The first is the nature of knowledge. In both texts, the word dnyan is what is closest to knowledge. Other words such as vidya and shastra usually mean proficiency in the scriptures or rituals. Dnyan in Sanatan Dharma is the spiritual understanding of the soul and the unchanging universe or Brahman as opposed to the changing material world. Moreover, this material world of the bodily senses and social relations is the ephemeral world of maya, which needs to be transcended to achieve true knowledge.

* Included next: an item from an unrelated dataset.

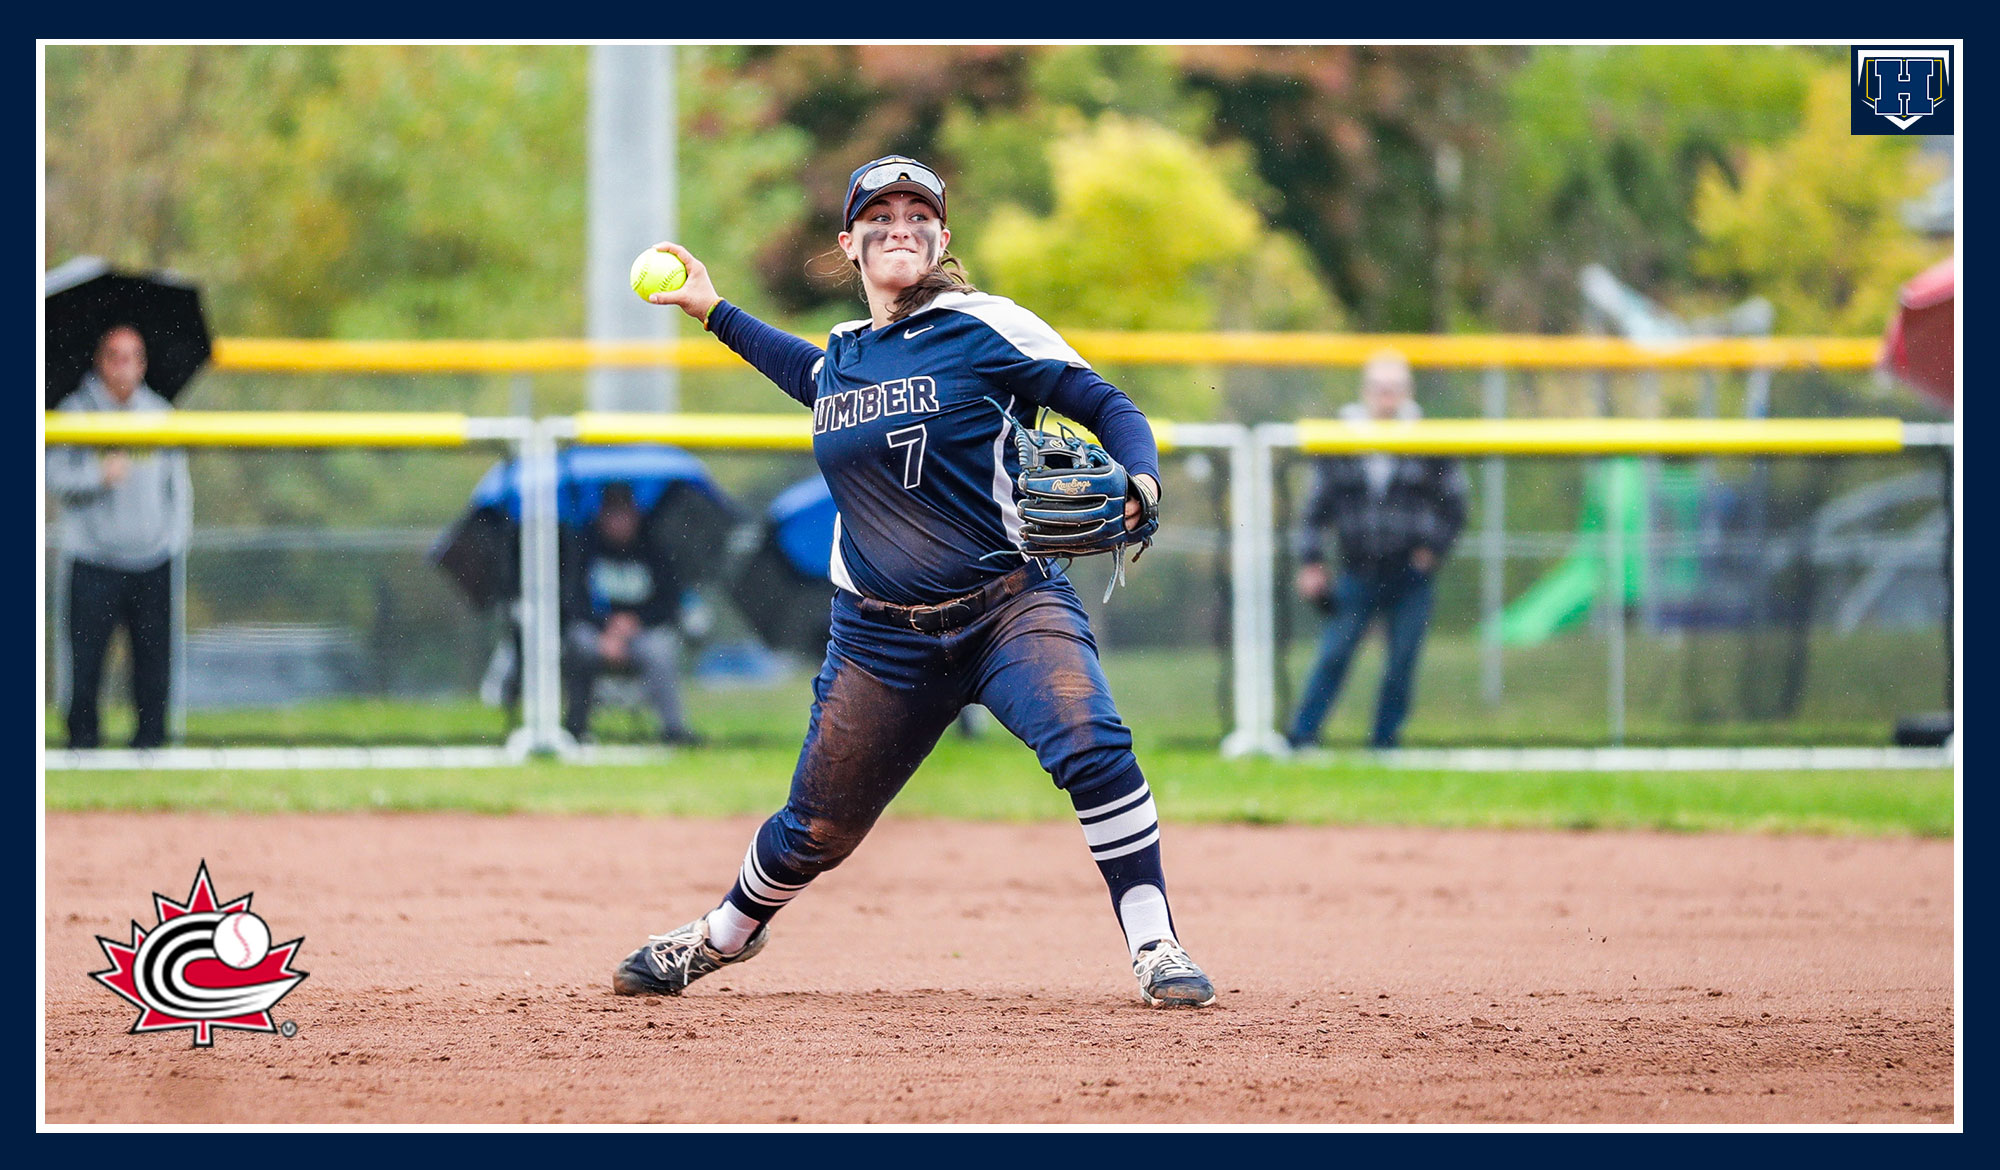 Reese Velocci throwing a ball in game for Humber softball

Ironically, modern-day scientific knowledge or science is very much the opposite. It is the study of material change and its causes and the formulation of theories that have predictive value. These are rooted in empirical measurements and are both falsifiable and reproducible. This makes modern science a social enterprise and its methods, namely observation, documentation and argumentation, accessible to anyone. Such a science has also led to democratisation in the areas and questions it pursues, and a publicness about its findings. This has eventually led to material well-being within scientific societies and a better understanding of nature, society and sustainability.

Unfortunately, the Sanatan Dharma viewpoint of knowledge is a monastic study by gifted students guided by rishis and munis on abstruse topics of eternal importance. It does not recognise that sophisticated knowledge is also required for better public services and governance or the development of craftsmanship and professions. But this elite view still drives our higher education and the imagination of science in our society. We celebrate Chandrayaan’s journey to the moon but fail to notice the everyday ordeal of the ordinary commuter as a reality worthy of study.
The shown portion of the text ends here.